The variability of δ¹⁸O (B) and δ¹³C (C) isotopes, with marked discontinuities in the surfaces, along with oxygen isotope stages (A), insolation at 50°N (D) and a fabric log (E) with marked as ellipsoids locations of thin sections on the timescale.. 1 – discontinuities in the surfaces; 2 – boundaries of oxygen-isotope stages (Lisiecki and Raymo, 2005).

In summary, the analyzed record contains a clearly visible succession of marine isotopic stages from MIS 24 to MIS 12 (Lisiecki and Raymo, 2005; Martin-Garcia et al., 2015).

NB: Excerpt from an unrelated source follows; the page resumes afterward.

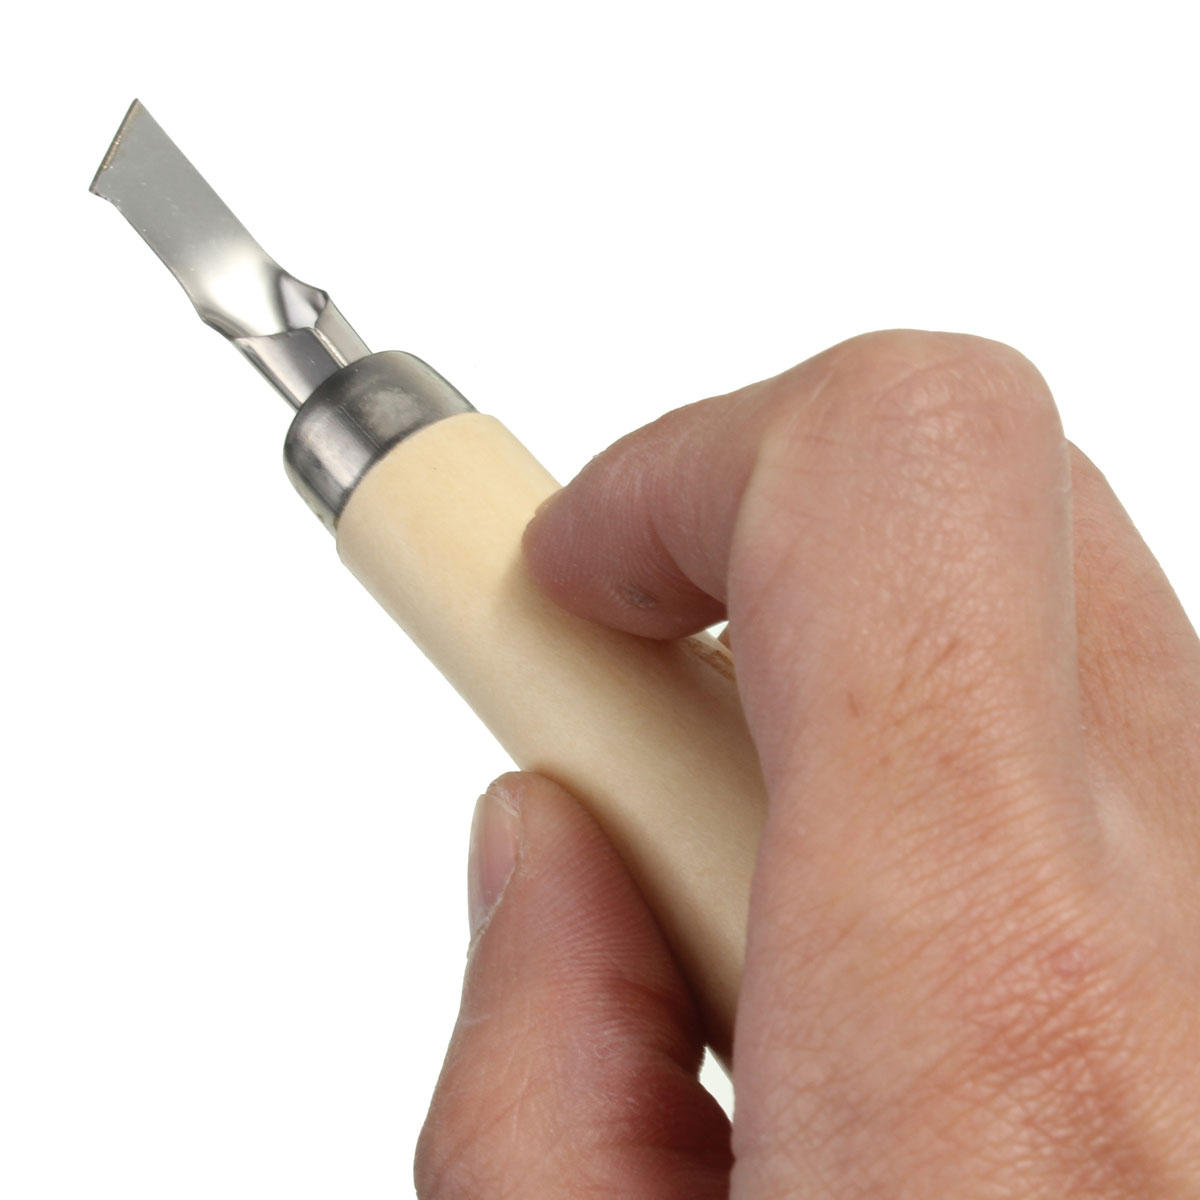 linoblok die rubberstempel snijdende hulpmiddelen met 5 bladbeetjes voor druk het snijden snijden

The detected ages of the hiatuses in the flowstone from the Głęboka Cave correspond to MIS 13, MIS 15 and MIS 19. The hiatuses correspond to periods of deteriorating sedimentary conditions and, consequently, the cessation of flowstone crystallization and its partial erosion. Clearly, all recorded hiatuses occur during interglacial periods, which suggests that a major factor controlling the flowstone growth rate is the precipitation amount. The smaller role of temperature in this process confirms that the relative strength of cold periods in the Middle Pleistocene is significantly weaker than that during the last 400 ka. Eventual cooling does not cause flow-stone growth cessation; it even favours its deposition by increasing the humidity of the climate, at least in Central Europe.